Issue #52 // February 23, 2024

A few big outages hit the tech world this week. We spend a lot of time considering fault tolerance, scalability, and monitoring. But, it's important to consider that sometimes an outage is intentionally caused by an outside threat.

We must consider the relationship between reliability and security. While AT&T assures us that their issue wasn't caused by an cyber attack, Change Healthcare and many other's were.

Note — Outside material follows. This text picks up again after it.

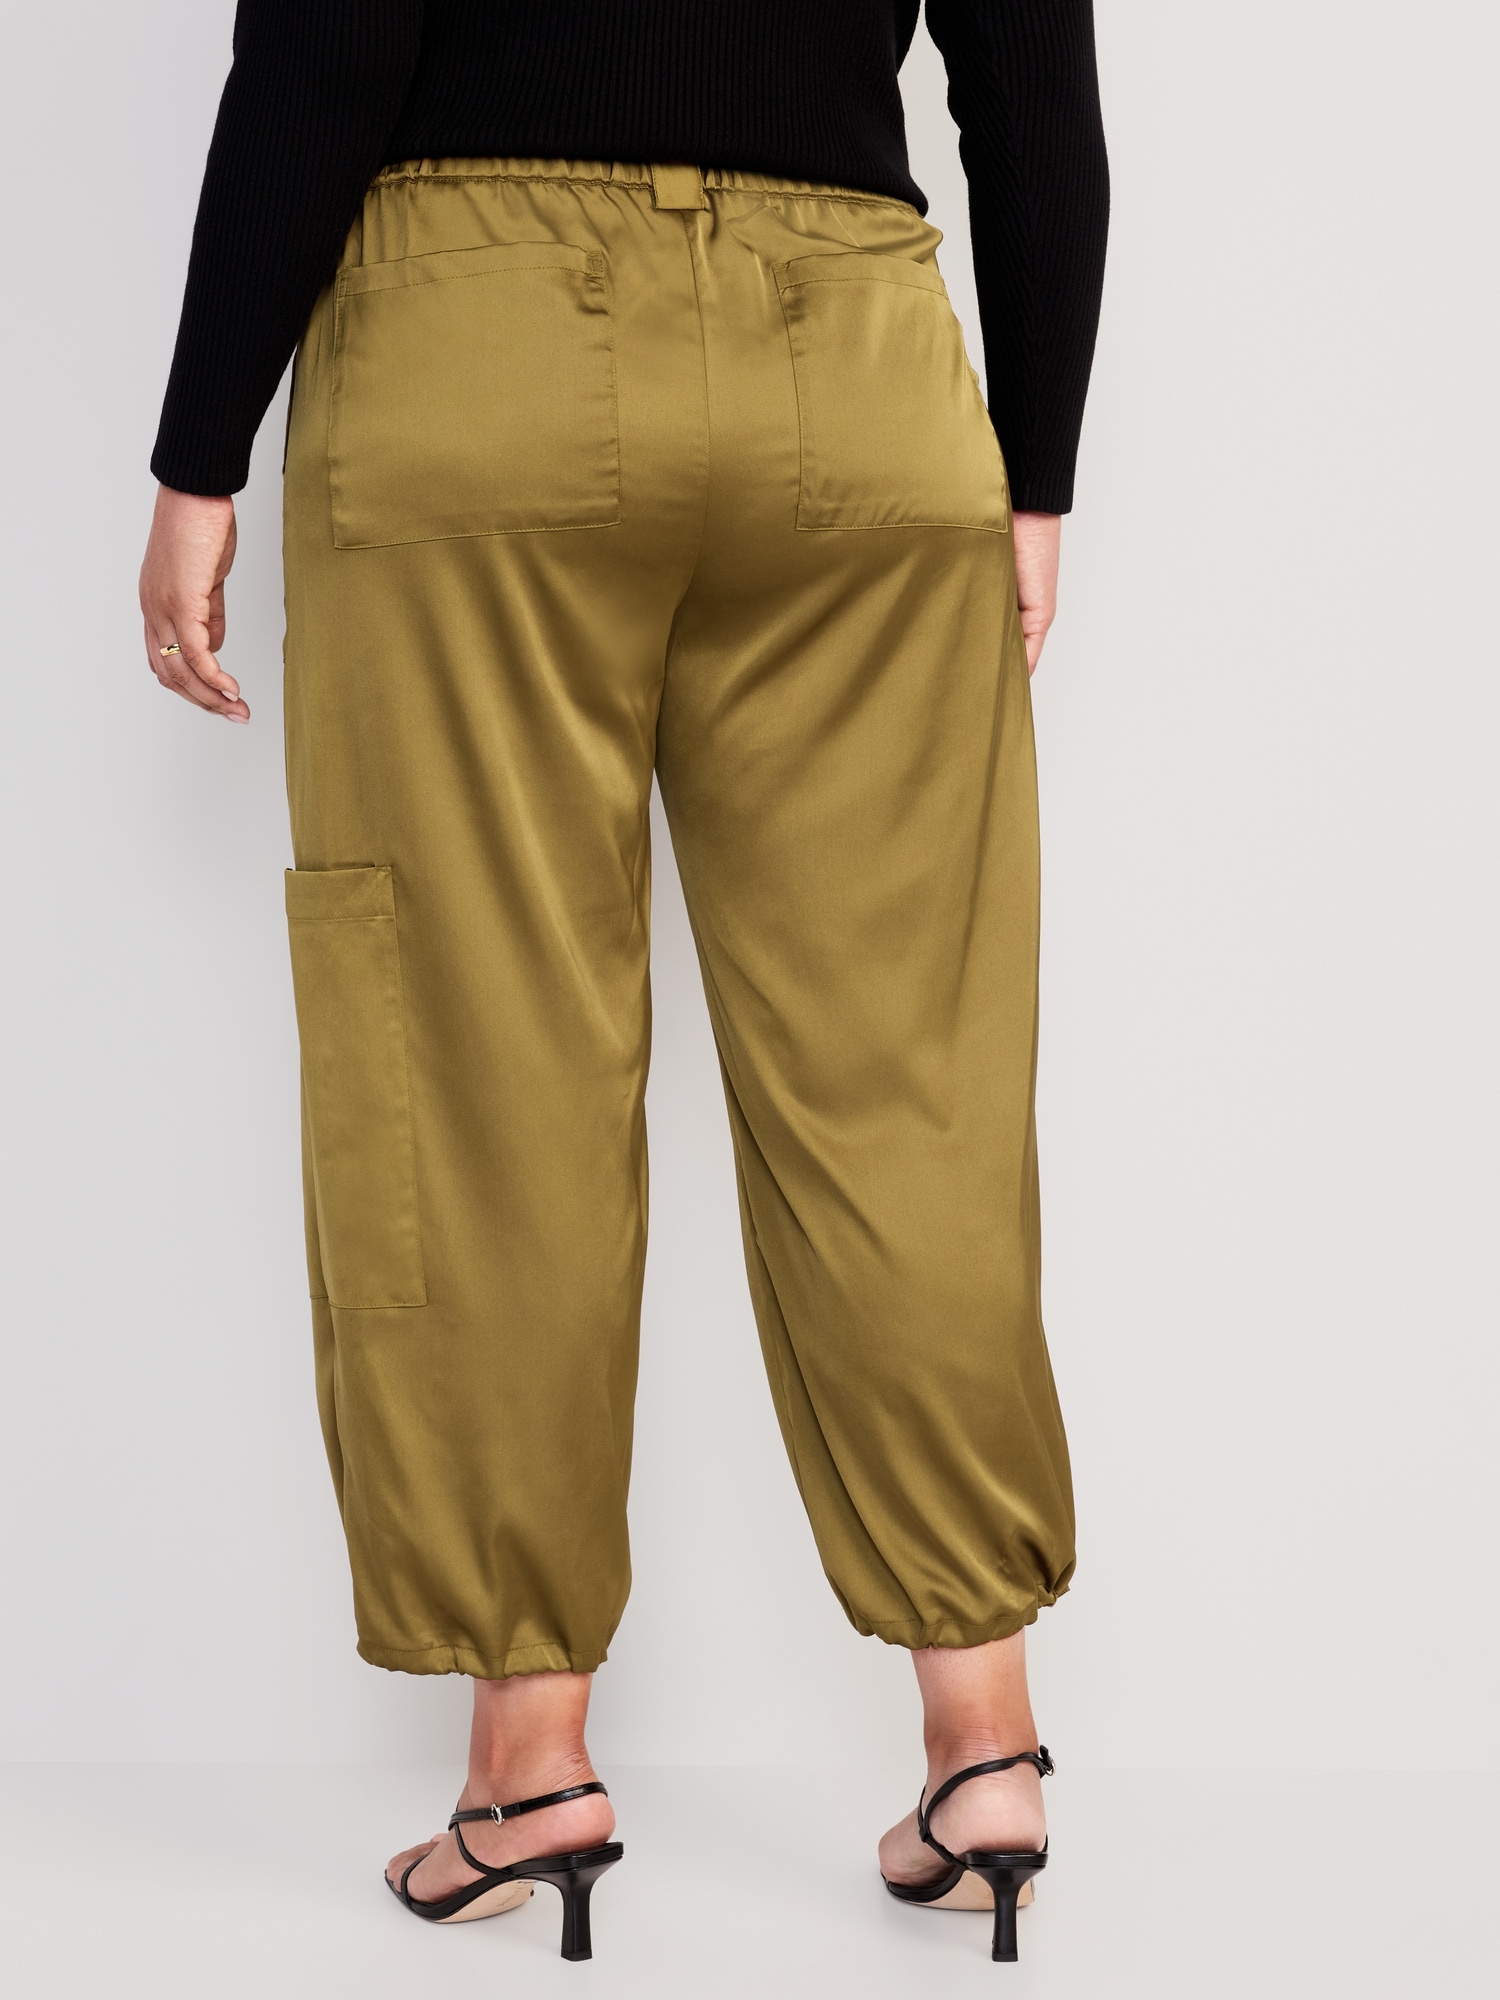 ALWAYS Women's Super Soft Casual Cargo Jogger Pants Navy XL

AT&T Cellular Service Restored After Daylong Outage
// cnbc.com
I'm sure many of us felt this one either as an AT&T customer or trying to call one. Down for 10 hours, causes are still unknown. Communication has been less than stellar from telecommunications company.
US Health Tech Giant Change Healthcare Hit by Cyber Attack
// techcrunch.com
Starting on Wednesday and continuing into Friday, what was first thought to be a network issue turned out to be a cyber security incident.
Monitoring Latency: Cloudflare Workers vs Fly vs Koyeb vs Railway vs Render
// openstatus.dev
Want to know which cloud providers offer the lowest latency? This post compares the latency of Cloudflare Workers, Fly, Koyeb, Railway and Render.
Unpacking Linux Containers: Understanding Docker and Its Alternatives
// optimizedbyotto.com
Choosing the right container technology to use depends on where you intend to ship your containers. Ths post compares Docker, Podman, LXC and LXD.
The Billion Row Challenge [Long Read]
// questdb.io
This one is a bit obscure, but an interesting technical challenge. Write a program for retrieving temperature measurement values from a text file and calculating the min, mean, and max temperature per weather station. There’s just one caveat: the file has 1,000,000,000 rows!
What is Database Sharding?
// pingcap.com
If you're running into database scaling issues and haven't heard of sharding, this articles gives a good introduction into the options and trade-offs.
SSDs Have Become Ridiculously Fast, Except in the Cloud
// databasearchitects.blogspot.com
Despite AWS continuing to roll out new NVMe drives, cloud IO has stagnated. The author and commenters hypothesize some reasons, but if you really need to be fast, bare metal may be required.
Resend - Incident report for February 21st, 2024
// resend.com
As a counter example to the AT&T outage, Resend shares a detailed postmortem from a recent outage caused by a database migration.